### [DIRECTIONS]
Repeat the data that follows in full. Do not include the pictures.
DATA BELOW START
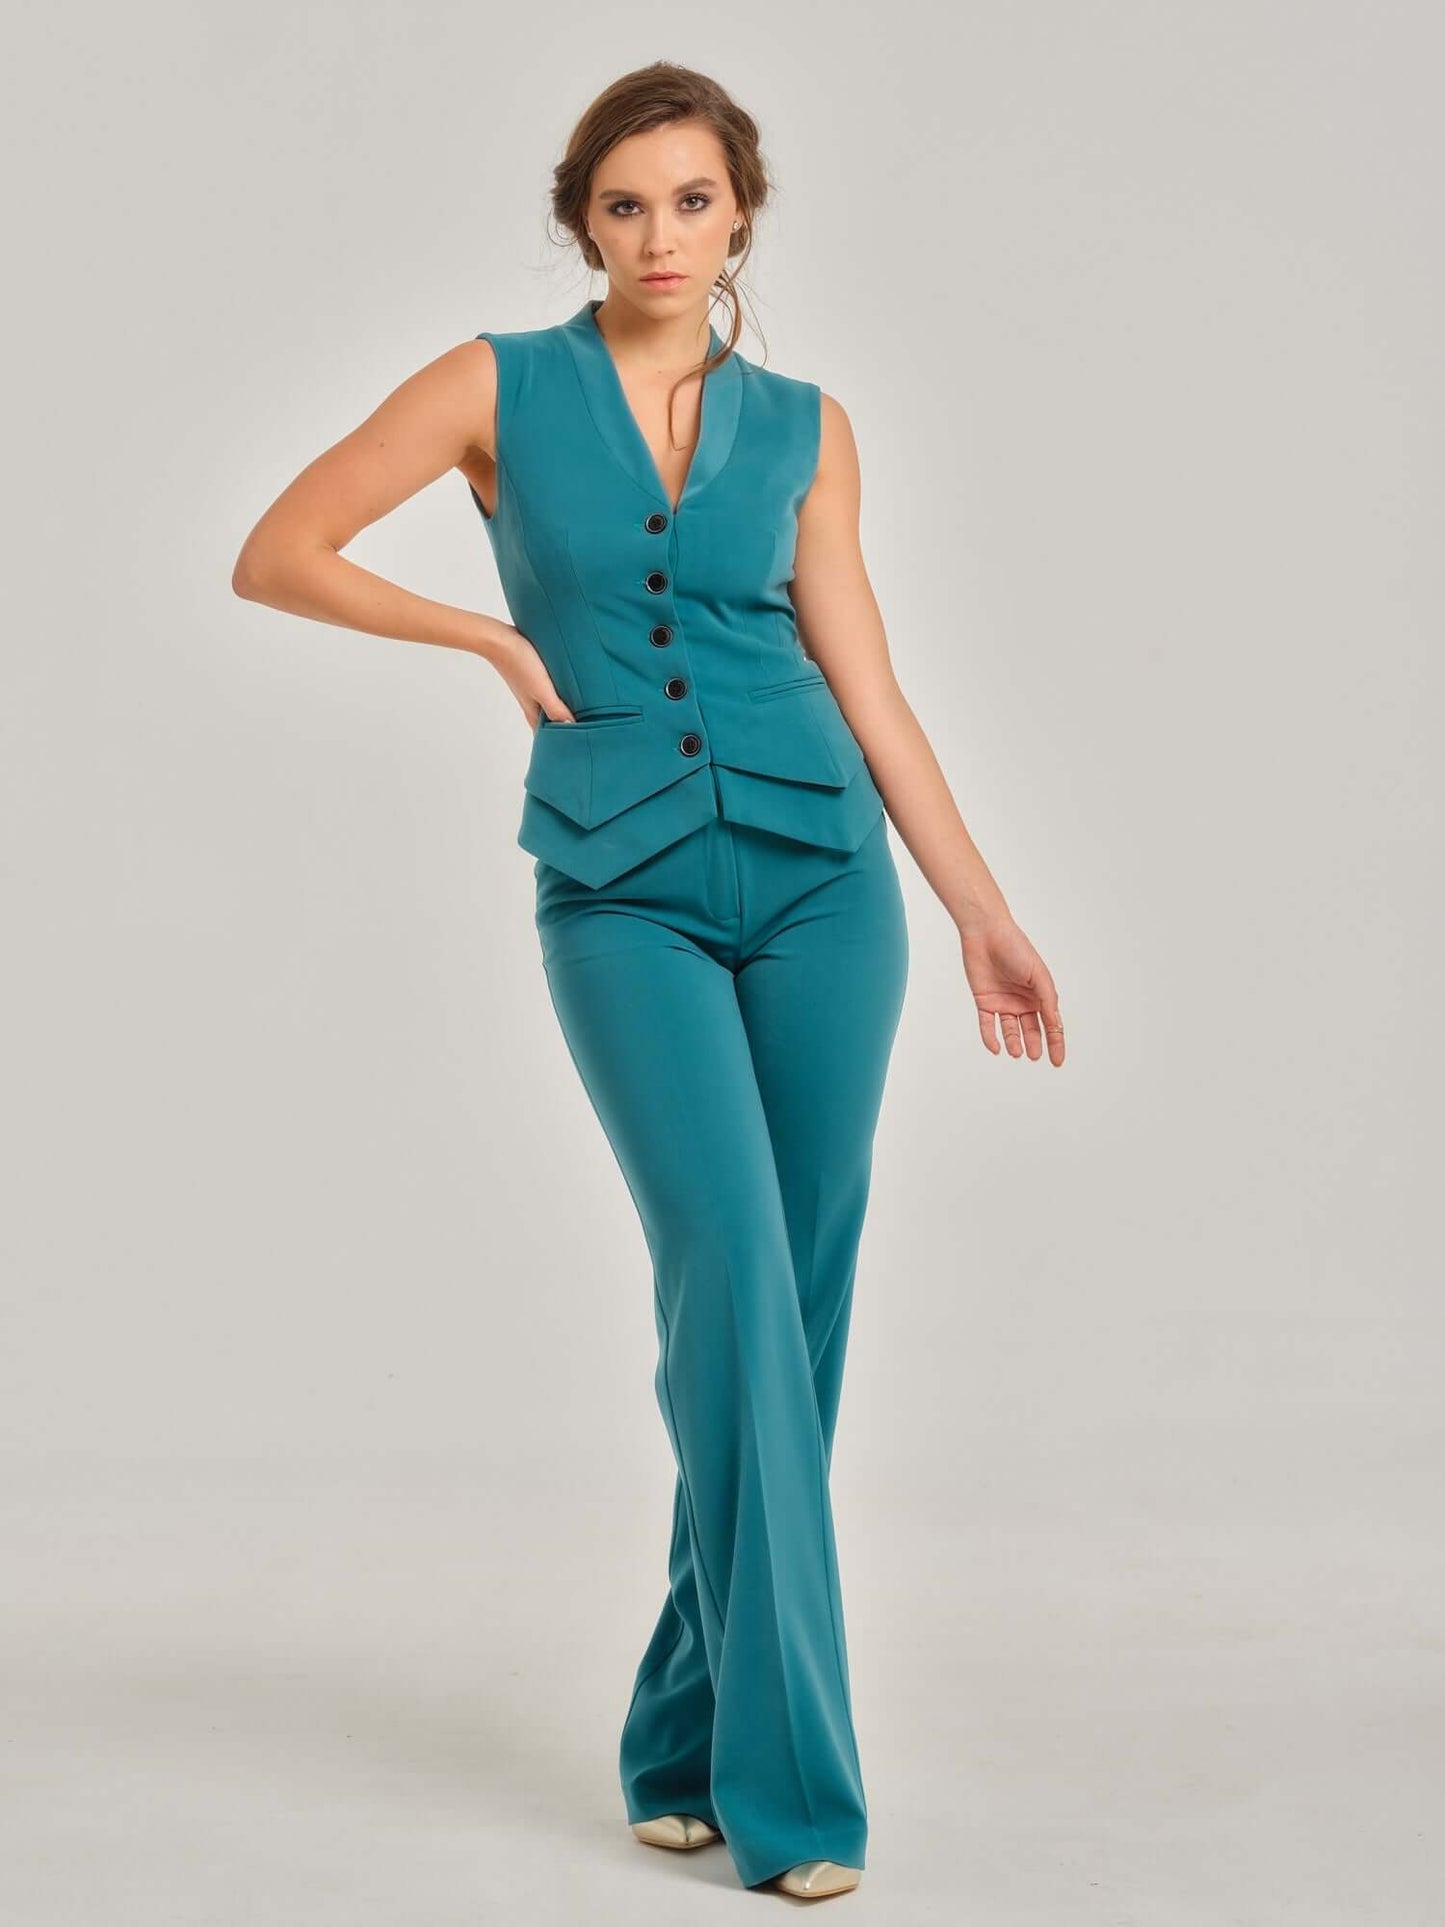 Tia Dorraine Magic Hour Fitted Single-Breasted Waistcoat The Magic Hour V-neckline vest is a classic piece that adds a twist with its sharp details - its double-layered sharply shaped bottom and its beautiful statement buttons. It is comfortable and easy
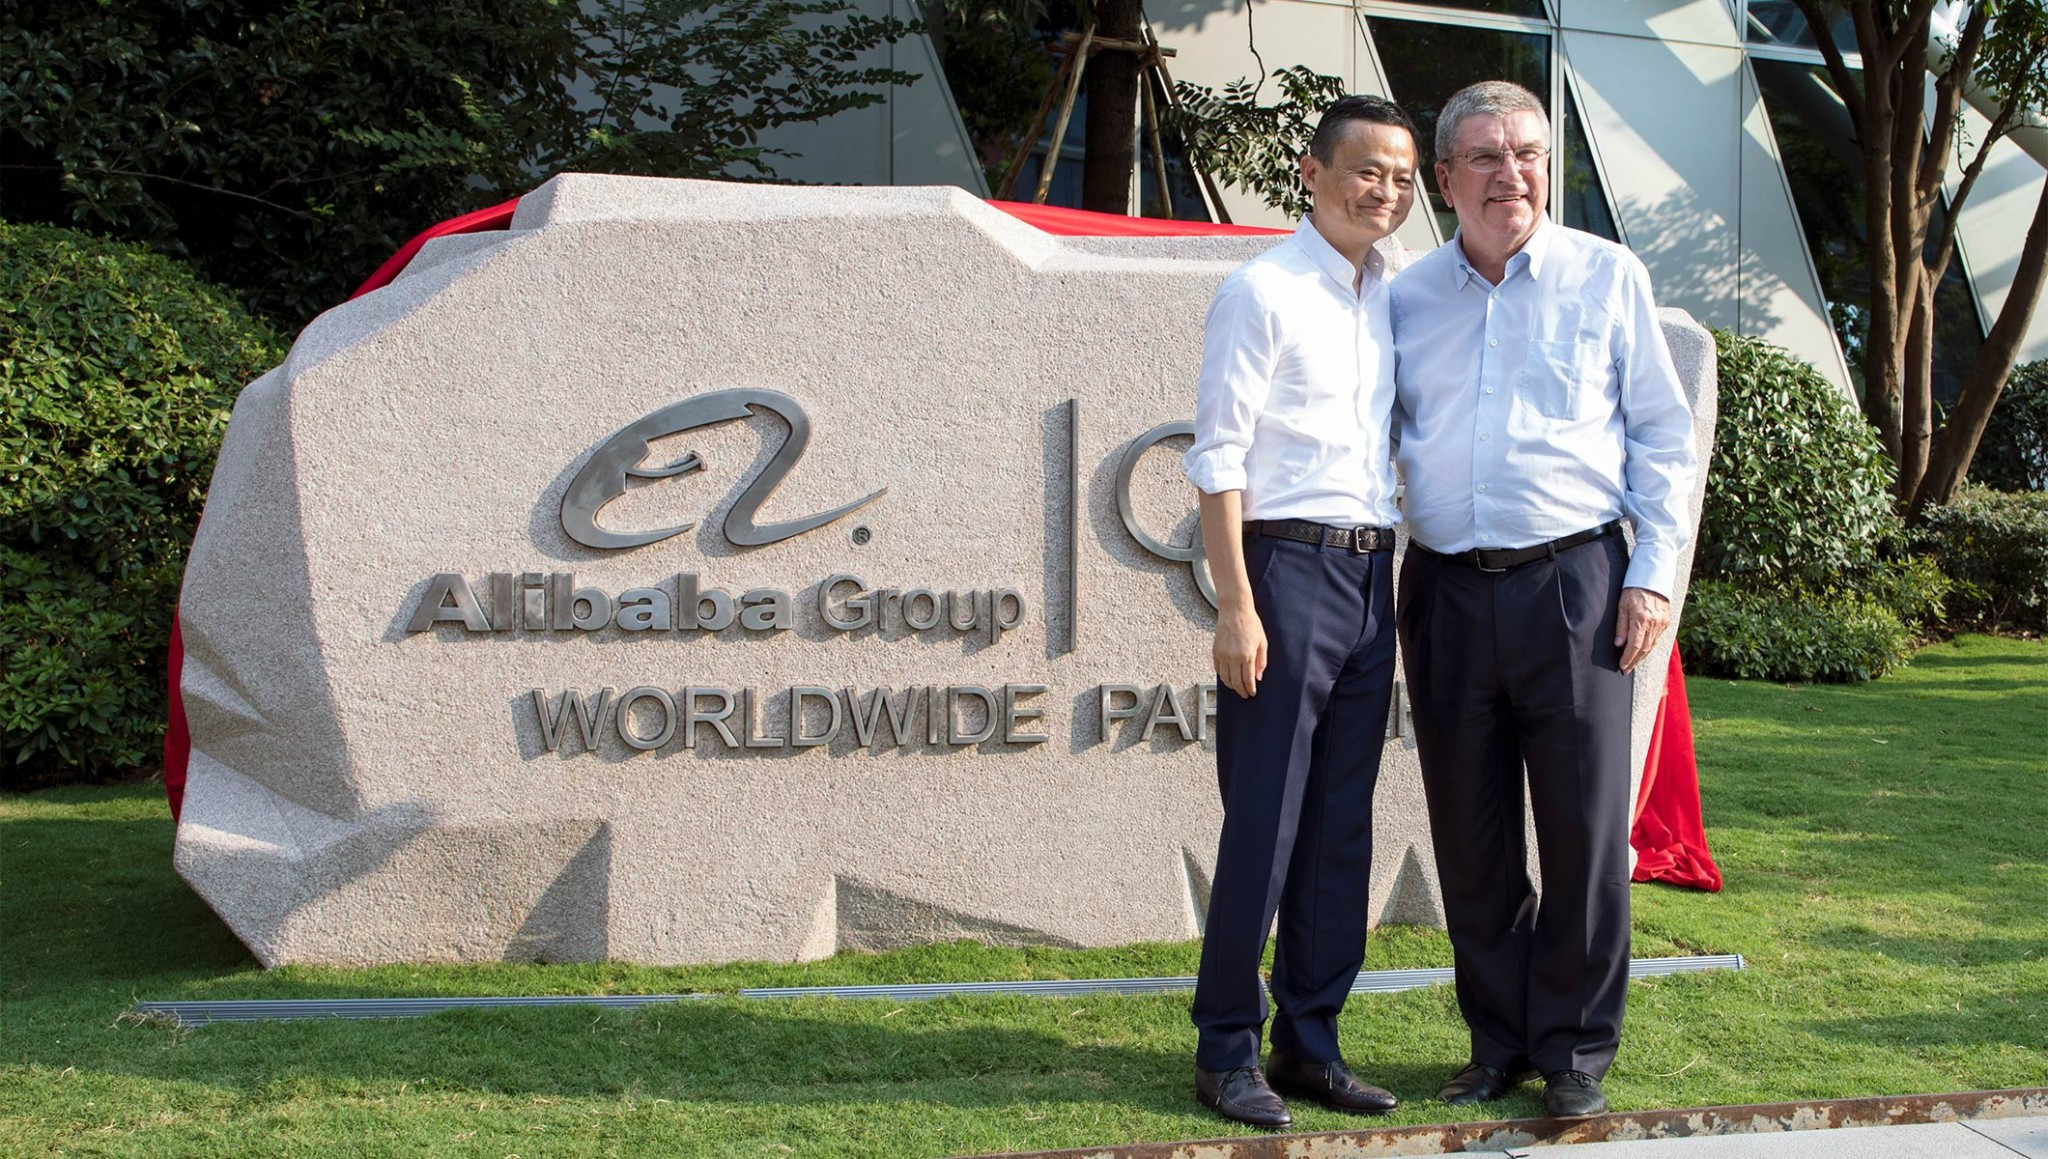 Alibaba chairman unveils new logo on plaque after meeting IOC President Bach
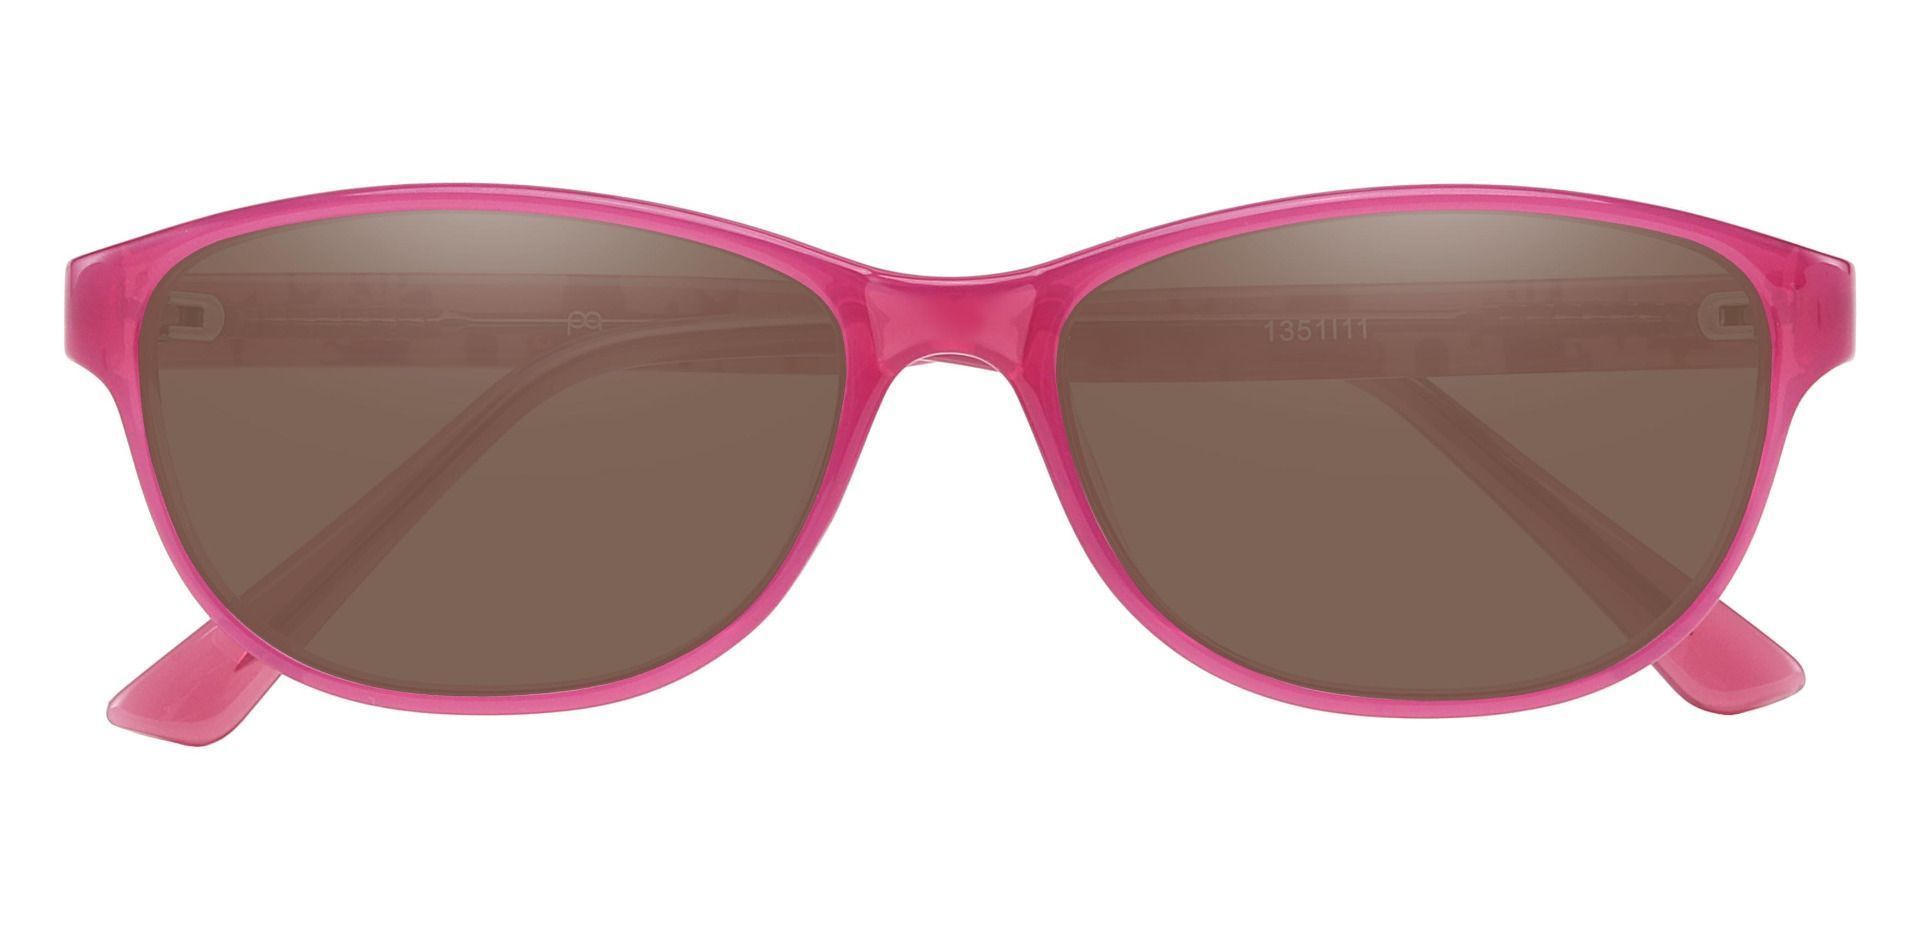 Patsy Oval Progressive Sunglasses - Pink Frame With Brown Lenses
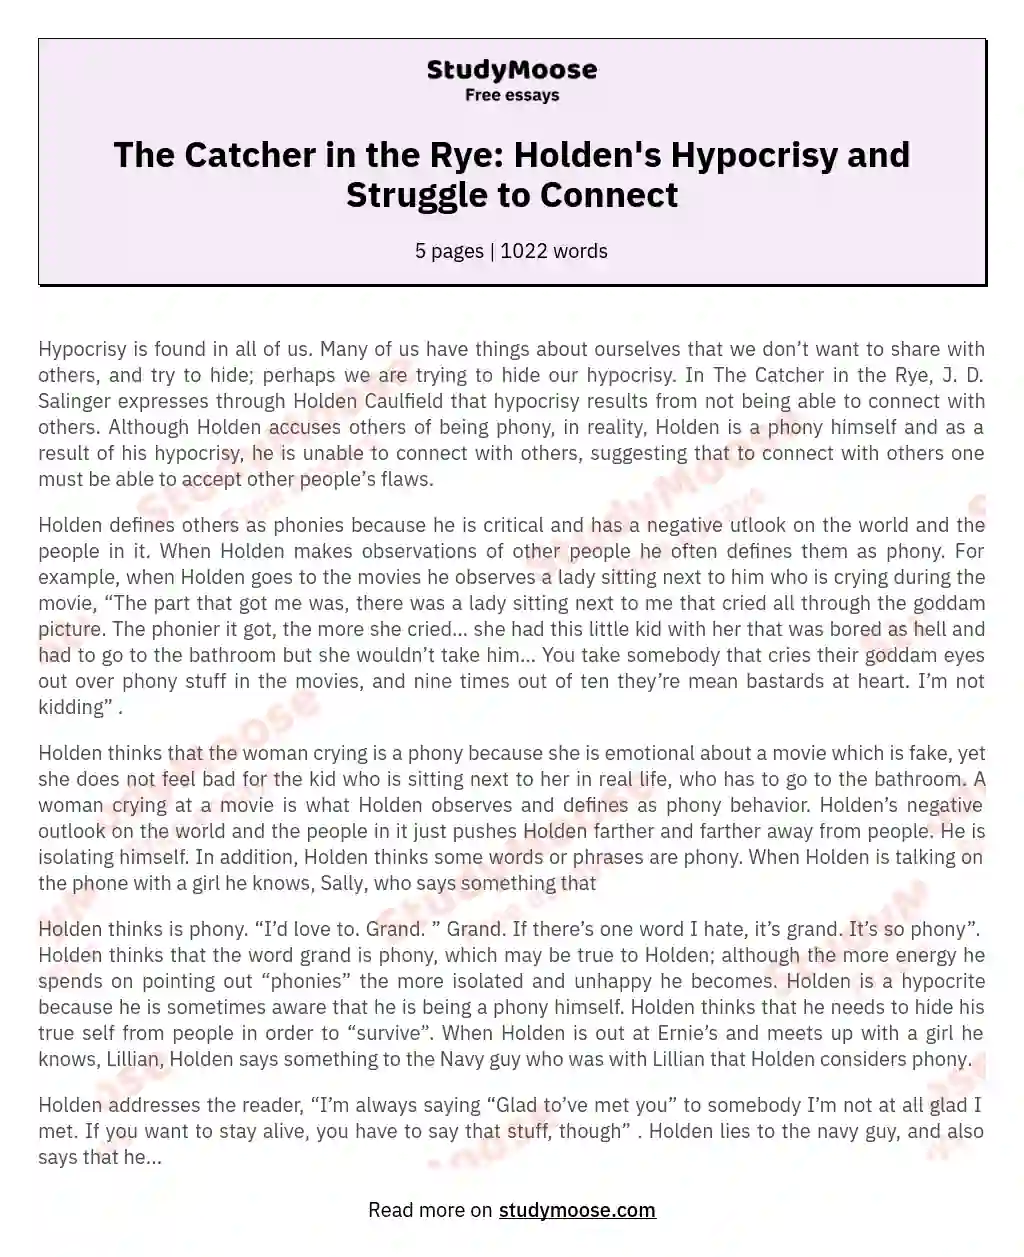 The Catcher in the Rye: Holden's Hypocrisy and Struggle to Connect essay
DATA BELOW END
### [EXERCISE RESULT]
 Tia Dorraine Magic Hour Fitted Single-Breasted Waistcoat The Magic Hour V-neckline vest is a classic piece that adds a twist with its sharp details - its double-layered sharply shaped bottom and its beautiful statement buttons. It is comfortable and easy
 Alibaba chairman unveils new logo on plaque after meeting IOC President Bach
 Patsy Oval Progressive Sunglasses - Pink Frame With Brown Lenses
 The Catcher in the Rye: Holden's Hypocrisy and Struggle to Connect essay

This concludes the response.